Microsoft Generates Little Buzz in CES Opener

Computing behemoth's pitch a dud at Vegas electronics show

LAS VEGAS - First the power went out Wednesday night, and when it came back up, Microsoft Corp. Chief Executive Steve Ballmer did little to add to the electricity.

Ballmer’s keynote address here the night before the International Consumer Electronics Show opens Thursday morning was highly anticipated after The New York Times quoted unnamed sources as saying Ballmer would announce a radical new tablet computer, which would be developed with Hewlett-Packard Co.  

The speculation was that it would be the Courier, a miniature Internet device, or MID. Purported images of the Courier created a major buzz when they emerged in September — the Courier would be unlike any other MID on the market, boasting two iPhone-like multi-touch screens in a book-like 7-inch package.

Instead, Ballmer announced that Microsoft would partner with H-P on a touch-screen slate PC running the Windows 7 operating system, which he called “the biggest hit of the year for us and for our industry partners.”

In fact, the biggest news from Ballmer’s characteristically energetic presentation was that Project Natal — a module announced last year that will allow players to control the company’s Xbox game system with their bodies — would be released later this year.

The news, or lack of it, was an anticlimax for tech enthusiasts as well as journalists spoiling for a Microsoft showdown with Apple Inc., which is expected to announce a tablet computer of its own later this month. Bloggers tracking the presentation in real time derided Microsoft during a power failure onstage, which delayed Ballmer’s presentation for 25 minutes and trashed his plans to demonstrate a PC built into a large-screen television because “it blew the tube,” he said.

(Msnbc.com is a joint venture of Microsoft and NBC Universal.)

Company fighting on many fronts
This year’s CES is an important one for Microsoft, whose year-over-year revenue fell 14 percent in the first quarter of fiscal 2010, with even larger declines in income and earnings. Worse, the company finds itself squeezed on all sides by competitors offering advances in platforms it has long considered its domain.

Windows 7, a cleaned-up and streamlined follow-up to its poorly received Vista release, was welcomed when it was released last year, but it wasn’t a major rethinking of a core platform, as Apple’s tablet OS is expected to be. Against it, Google Inc. is working on its own OS, Chrome, which is designed to power netbooks and other Internet-centric machines. 

The Mozilla Project’s Firefox Web browser, meanwhile, has crept up to claim a quarter of the market from Microsoft’s Internet Explorer. Google’s Web browser, also called Chrome, is making itself heard from, as well, having eclipsed Apple’s Safari to reach third place, albeit with only about 5 percent of the market, in Net Applications’ December browser share survey.   

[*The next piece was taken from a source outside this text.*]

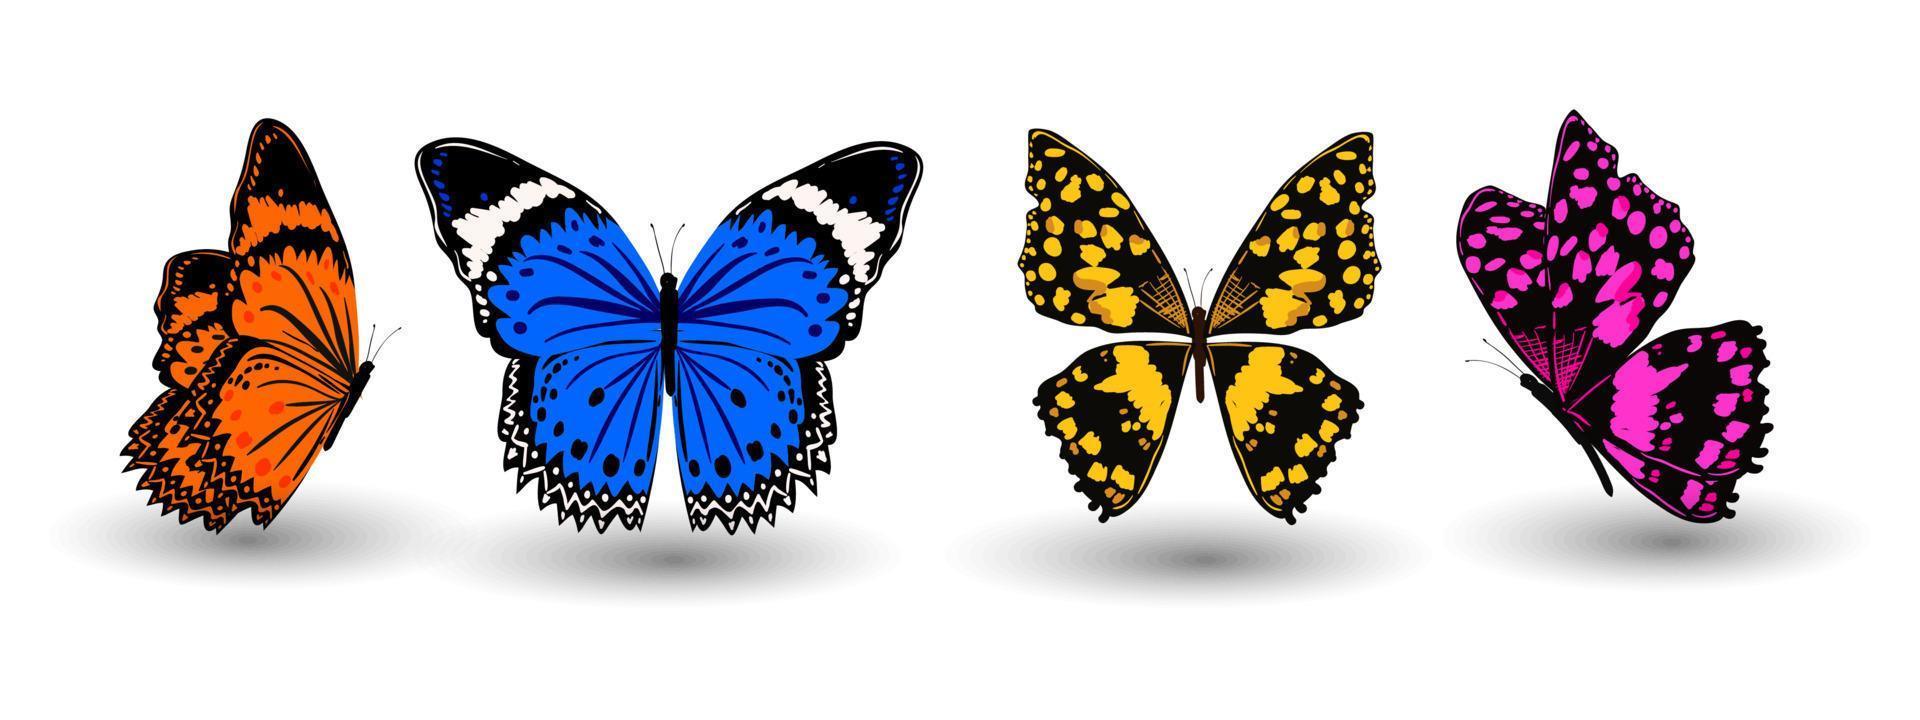 icône papillon. insecte papillon réaliste avec de belles ailes de couleur jaune orange violet bleu. signe animal pour la création de logo, affiche, impression de t-shirt, illustration vectorielle isolée sur fond blanc vecteur

Microsoft’s mobile software has run well behind Apple’s platform since the iPhone was released, but in recent months it has also been eclipsed by another Google product, Android, which runs the hottest new smartphones on the market.

Android got a rocket boost this week with the announcement of the Nexus One, a Google-branded and -marketed “superphone” that is being positioned as an iPhone killer, with little notice even being taken of Windows Mobile and its long-delayed upgrade.

The flexible Android platform will also be running full-power netbooks in direct competition with Windows XP, Vista and 7 machines. Already, major manufacturers like Dell Inc. and Archos are planning tablets running Google’s software.

And later this month comes Apple’s slate, which is being characterized as a complete overhaul of the tablet form, exporting something like the iPhone experience to a full-powered miniature Internet device.

Microsoft Courier remains under wraps
But with the drums beating for Apple’s expected Jan. 27 tablet announcement, Microsoft for now appears content to promote Windows 7, Project Natal and several other incremental advancements, including:

  • A new agreement that will make Windows 7 the default OS, MSN the default home page and Bing the default search engine on dozens of new Hewlett-Packard computer lines.
  • Microsoft’s entry into the e-book market with Blio, a free software package boasting deals that will make more than 1 million volumes from major publishers available when it launches.
  • Mediaroom 2.0, an upgrade of the company’s Internet Protocol television platform that Ballmer said would allow users to stream live and on-demand content to televisions, PCs and phones.

Ballmer also promised advancements in in-car computer technology products it has created for its partnership with Ford Motor Co. Those were to be announced Thursday morning by Ford Chief Executive Alan Mulally, he said.

And even that was undercut somewhat Wednesday when OnStar Corp. announced that its Mobile Experience app for Ford’s Chevrolet-branded electric car, the Volt, would be offered on the iPhone, Motorola’s Android-driven Droid and the Blackberry Storm — with no mention of a Windows Mobile version.